KaraMIR

Featured post

Kara1k

A karaoke dataset for cover song identification and singing voice analysis

Kara1k is a freely-available dataset of audio features from karaoke songs provided by Recisio (Karafun mobile application).

Kara1k is mainly dedicated toward cover song identification and singing voice analysis. The dataset is divided into 1,000 cover songs from Karafun application, and the corresponding 1,000 songs by the original authors.

It contains:

An unmatched variety of features, including: Essentia [1], harmony-analyser [2], Marsyas [3], Vamp plugins [4][5] and YAAFE [6].
Metadata such as the title, genre, original author, year, International Standard Recording Code and lyrics' language. We also include non-standard metadata such as explicit language annotation, combined singer and backing vocalists gender, or annotation of duets.
Pure singing voice features alongside with backing track features and mixes. The karaoke tracks from Recisio are recorded in a studio quality by professional musicians, including the lead singer track for the guidance in Karafun mobile application. Therefore, we can provide 3 tracks for cover songs (lead voice, backing track, mix) and the original song. The cover and original are both professional mixes (as opposed to amateur user-recorded audio) which allows for an interesting comparison.

Metadata and ground truth

Table 1 shows all supported metadata / ground truths that are available in the form of XLS and CSV files or as a SQL database dump.
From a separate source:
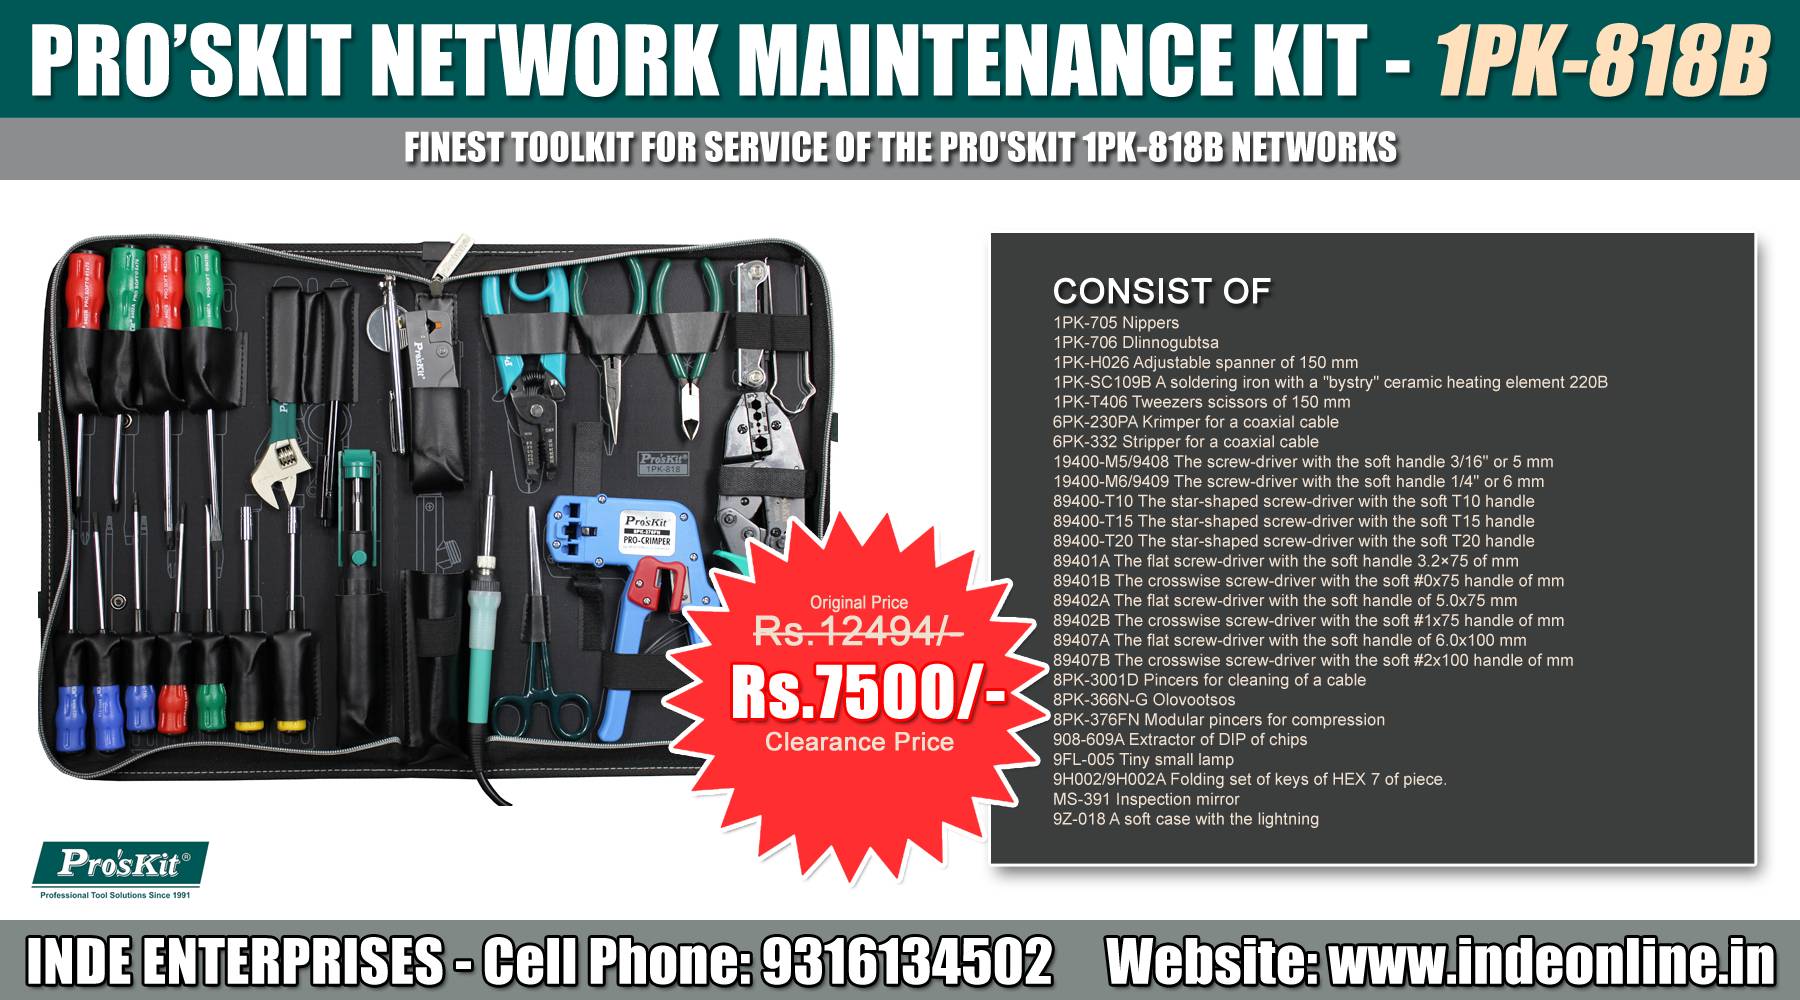 Proskit Network Maintence Kit Price Rs.7500/-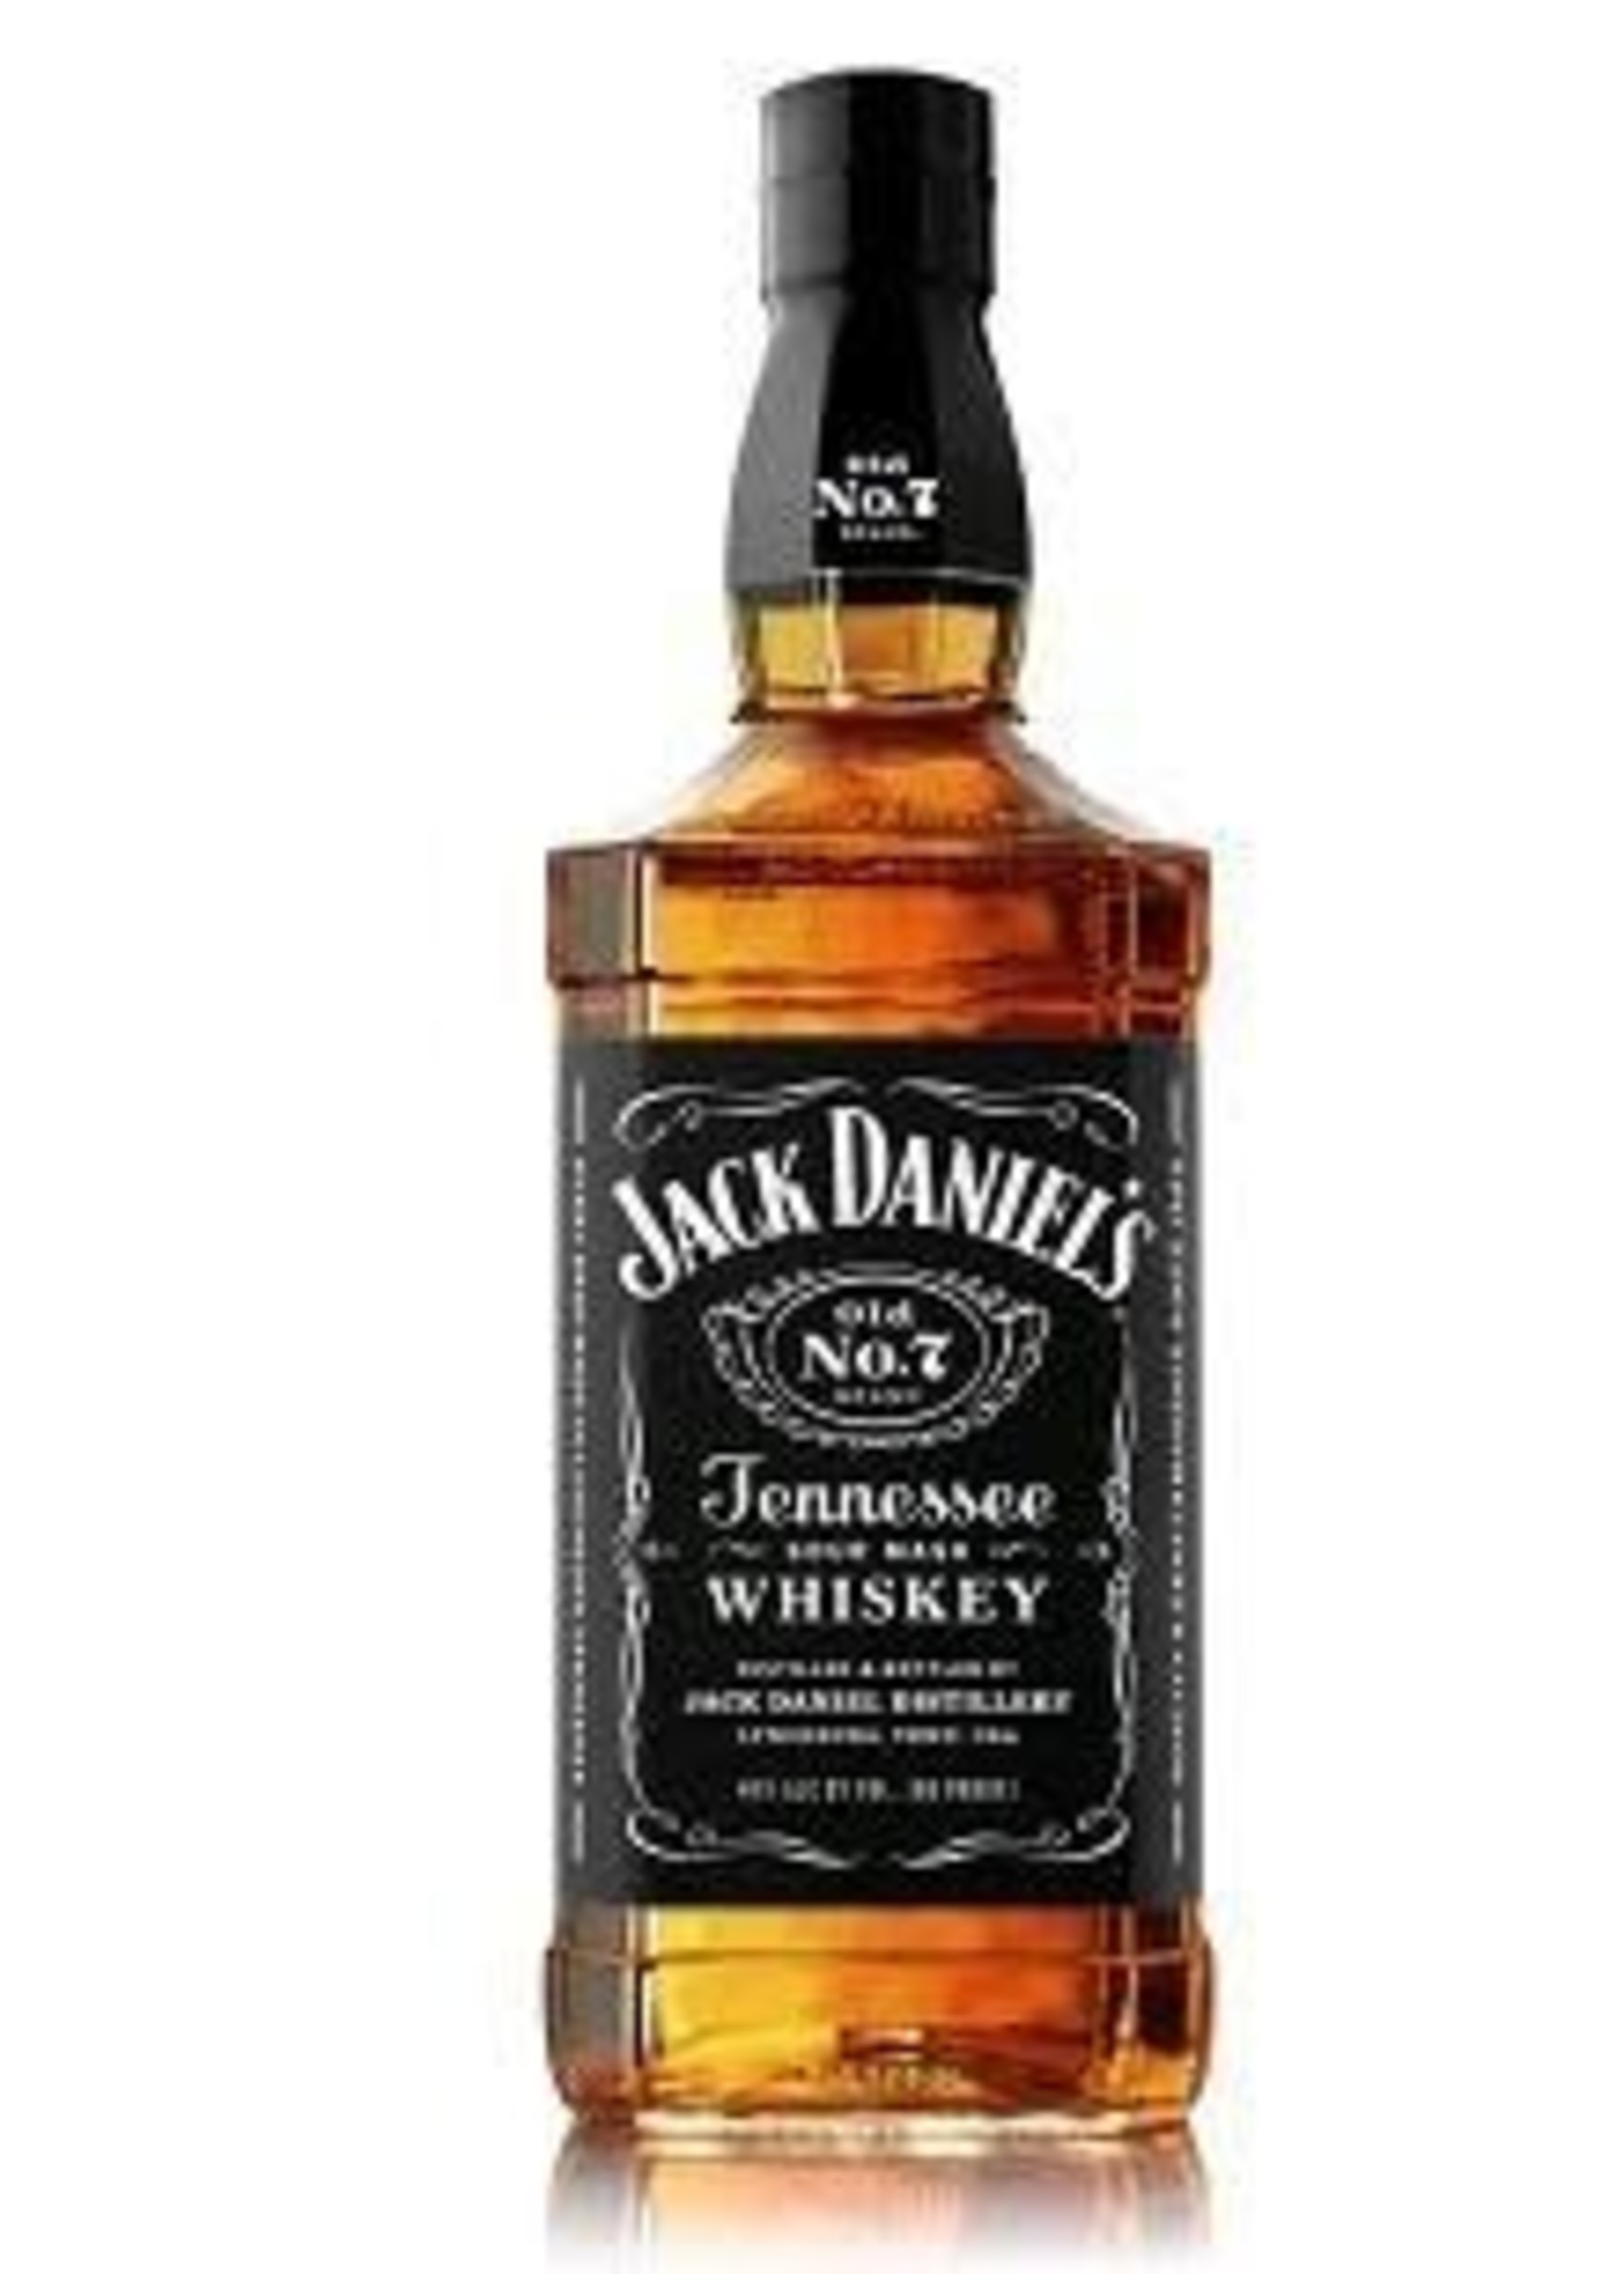 Jack Daniel's Jack Daniel's / Tennessee Whiskey

We specify, which part of the Kara1k dataset the annotation describes (Cover/Origin/Both).

Table 1: Available metadata / ground truths in Kara1k

Download all as XLS, CSV, or SQL

Please reach out to us with requests for new metadata / ground truths

Name	Type	Cover/Origin	Description
Title	String	Both	The official name of the song
Artist	String	Both	The original artist
Genre	Comma-separated list	Cover	Comma-separated list of all genres specified by Recisio
Gender	Enum	Cover	Gender of the singers and vocalists sounding together, value from {mixed, male, males, female, females}
Language	Comma-separated list	Cover	Comma-separated list of all languages that are sounding in the song
Backing vocals	Boolean	Cover	The song contains backing vocals
Duet	Boolean	Cover	The song contains duets
Year	Numeric	Origin	When was the original recording was published (year)
Explicit	Boolean	Cover	The song lyrics contain explicit language
ISRC	String	Origin	ISRC of the original recording
Youtube link	URL	Origin	YouTube URL

Features

Below is the full list of features (Table 2) with download links. Features are in the form of TXT, JSON or ARFF files, depending on their type and extractor. Some features may have prerequisites, as they are high-level features dependent e.g. on chroma vectors, and not solely on the WAV file. If so, they are listed in Prerequisites column.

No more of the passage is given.